In this book he suggests three questions to ask ourselves to evaluate where we are and where we need to be as a "Manly Man".  They are:

1)  What kind of a man am I?

As a Manly Man, which of course implies in my usage that we want to be a better, righteous, Priesthood Man, we need to be able to look at ourselves honestly and see what is truly good, and then to be willing to look at what is lacking or weak.  I think it is important to see both.  Of course an assessment to have a starting point to become better tends to look for what needs work and what we are doing poorly in, but we also need to give ourselves credit for the good that we are doing.  In my mind the Lord has given us weaknesses so that we can make them strengths.  But we derive confidence and strength to make our weaknesses strong from those things we are already strong in and have developed well.

So when you ask yourself what kind of man am I, you must not have a critical eye but rather a faithful, honest and true eye.  An eye that sees correctly and reports honestly.  This is not a time to be concerned with ego or humility but to be 'spot on'.

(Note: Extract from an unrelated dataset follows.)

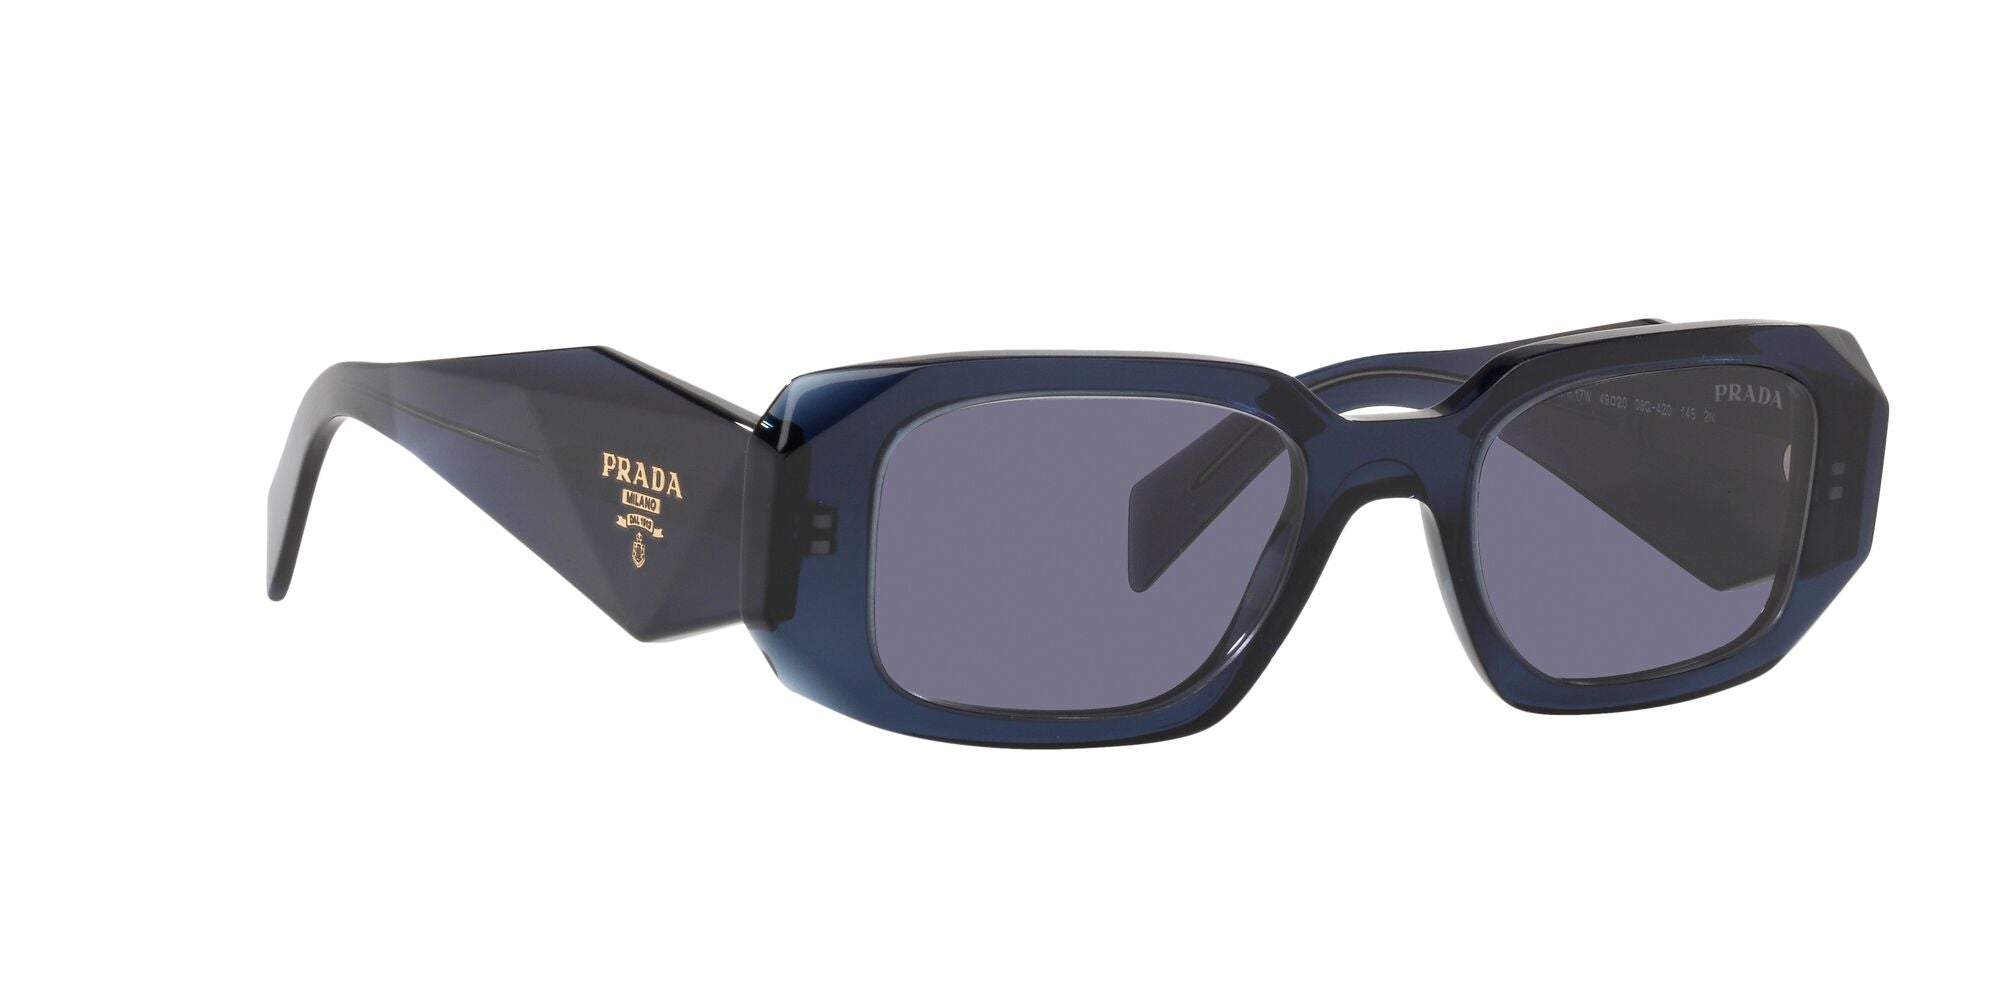 New geometric aviator sunglasses PRADA SPR62X col. black and white |  Occhiali | Ottica Scauzillo

2)  What kind of man do I  want to be?

The questions don't get any easier do they?  What kind of man do you really want to be?  Are you willing to take what you got and call it quits?  "I'm good enough--no changes needed here!"  (Which of course brings up the question of what is enough--for another time.)  What do you want from yourself, what do you expect of yourself and then of course how does this differ from where you are currently.

Sometimes it does us good when we ask this question to remember a time when we had great hopes and dreams and wanted to be a great man who impacted family and others for good.  When was that time for you?  Maybe when you were just receiving the Aaronic Priesthood as a young man?  Maybe when you put in your papers to go on a mission or possibly the week before you left or just after you returned home from your mission?  Possibly as you humbled yourself and asked a young woman to marry you and you wanted to be the man that she deserves?  Remember those times and regardless of where you are at now, you can recapture those dreams and let them energize you toward being the kind of man you want to be.

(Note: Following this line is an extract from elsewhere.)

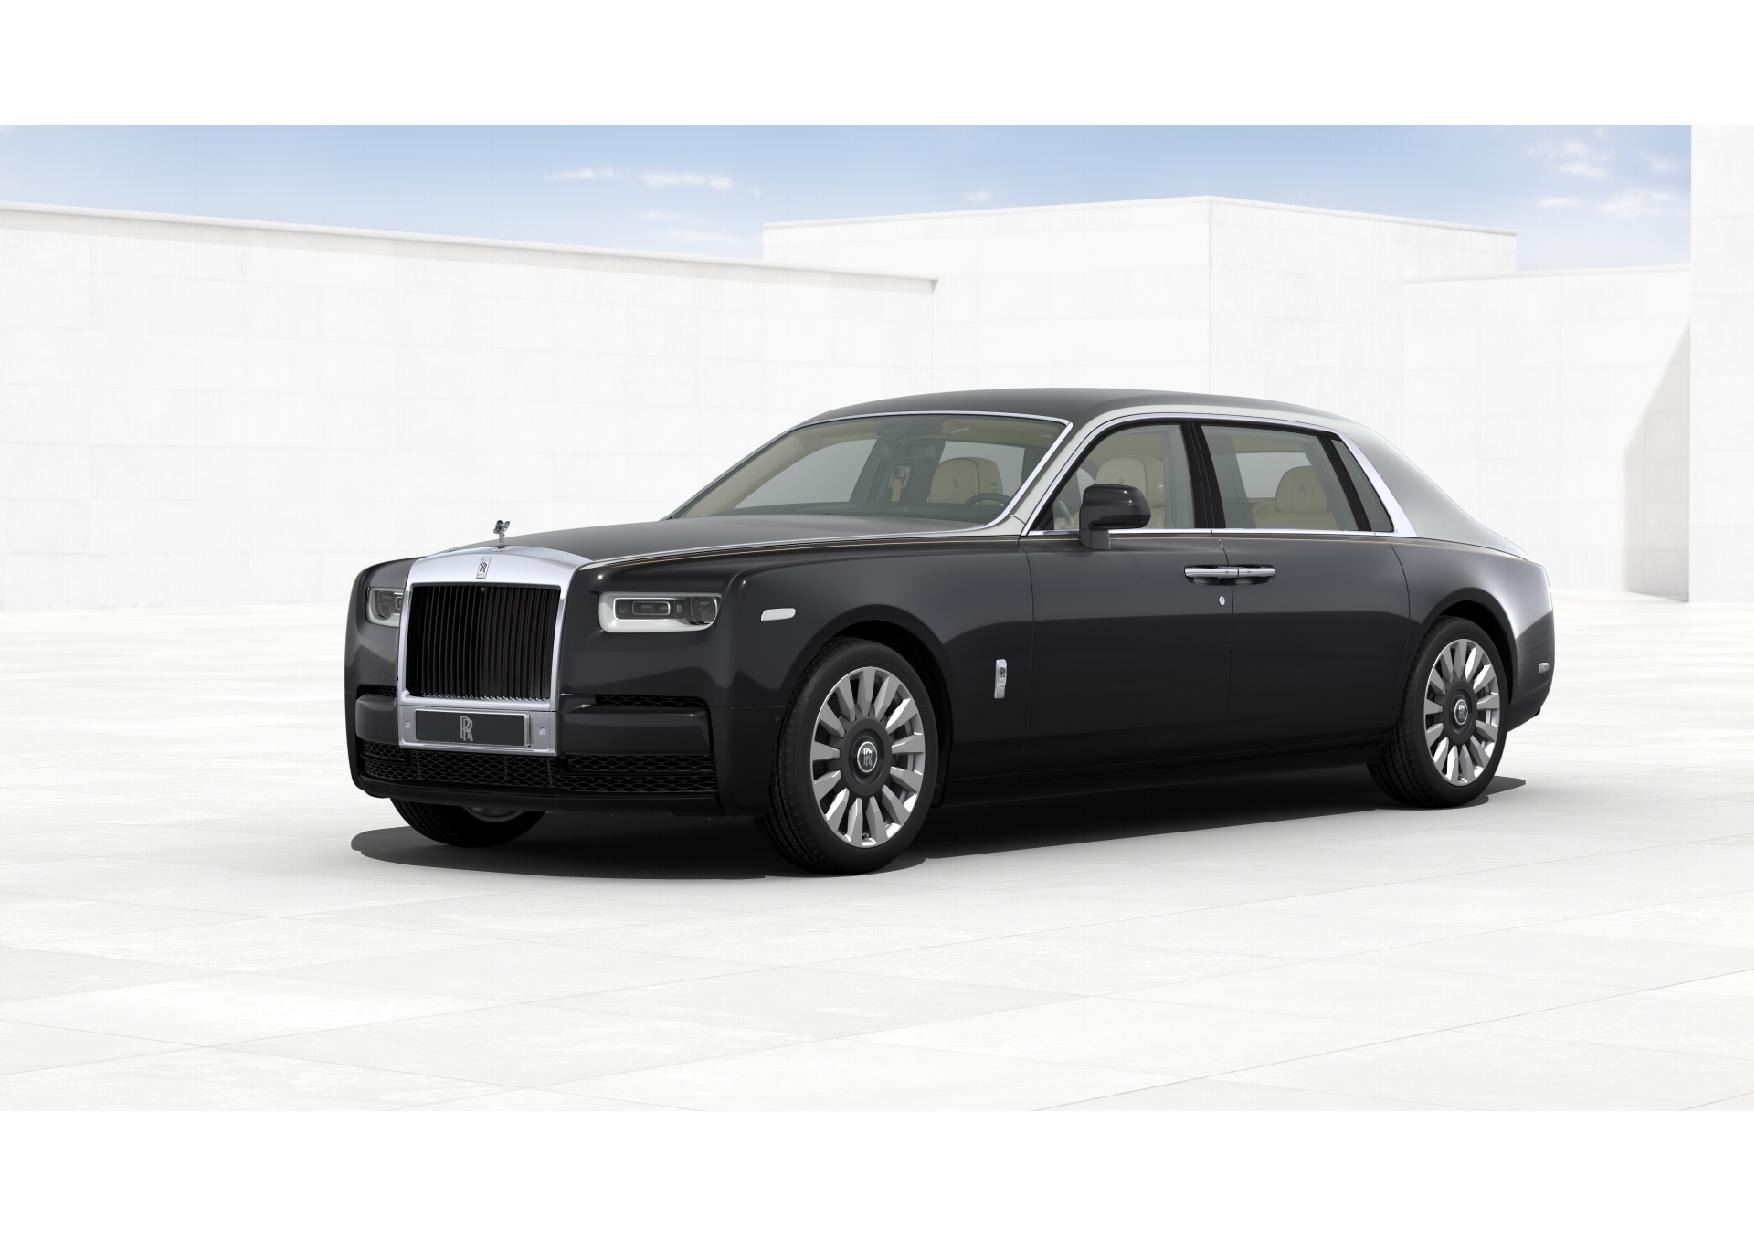 New 2022 Rolls-Royce Phantom EWB For Sale | Ferrari of Greenwich Stock  #H0-1042583

The final question is harder still, because it requires letting go of a portion of yourself -- the selfish portion perhaps-- and seeing yourself from another point of view.

3)  What kind of a man does my Heavenly Father and my Savior need me to be? 

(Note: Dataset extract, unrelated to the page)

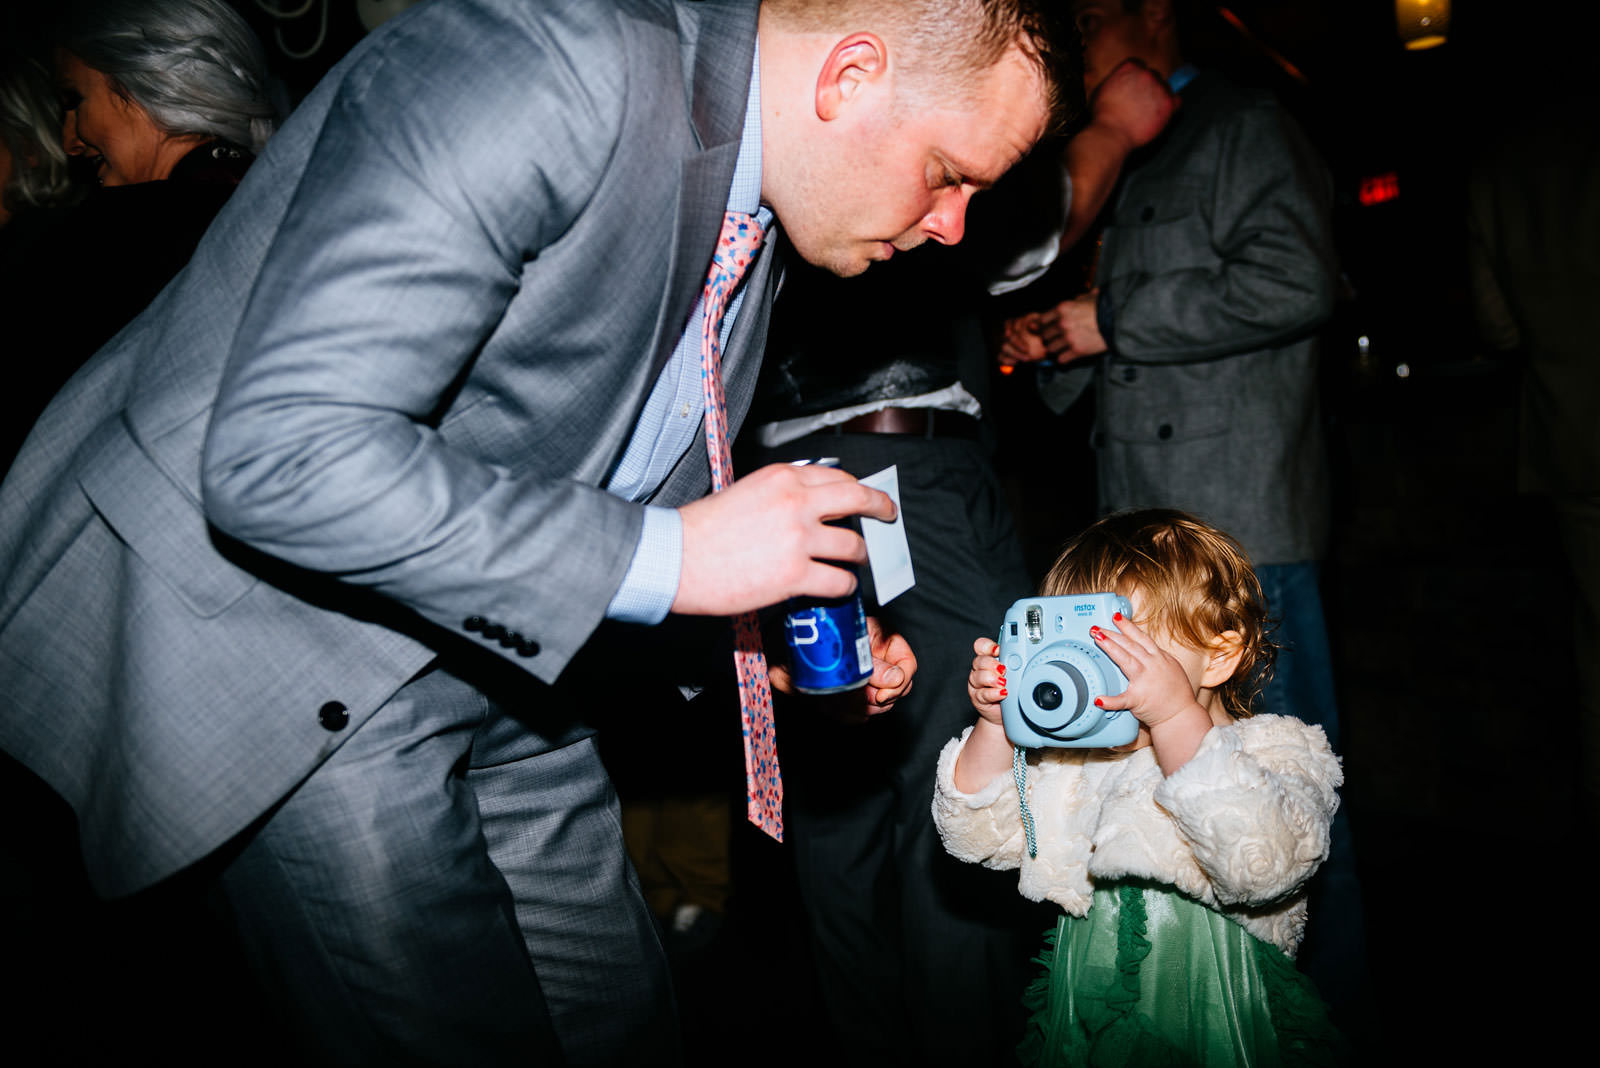 kid using instax camera at wedding reception

Ahh, now we have reached the crux of the matter.  What is the will of our Savior for me.  Not only what kind of man do they want me to be, but what kind of man do they need me to be?  So our efforts are not small in scope here because what They want will undoubtedly be connected to what my potential is.  Not just our ultimate eternal potential but right now they need me to do and to be something which suggests this just isn't for myself and likely not just for my family (although that impact from us is huge and will effect hundreds for centuries).  God needs us to be and do things right now for a variety of reasons and in His economy many will be influenced for good if and when we make the effort to improve ourselves.

So, now my question to you is are you Man enough or "Manly" enough to really ask yourselves the questions.  Not just read them and think they are nice but to really ask and then answer the questions.  Maybe you will want to write down your answers.  And if you are really ready to grow you will ask them of your wife and hear, without defense, her answers and consider them honestly in combination with your own evaluation.  I know it is scary, but hey, we are not trying to build "wimpy men" here (I have a separate training for that--Ha!).  We are building a "Manly Man".  As President Hinckley said "This, my beloved friends, is what the gospel is all about—to make bad men good and good men better..." (October 1976)

Start now by asking yourself these three questions: What kind of a man am I? What kind of man do I  want to be? What kind of a man does my Heavenly Father and my Savior need me to be? Those three questions will undoubtedly open your mind to this question:  What kind of man does my family--including yourself--need me to be?  You can do it, but start now.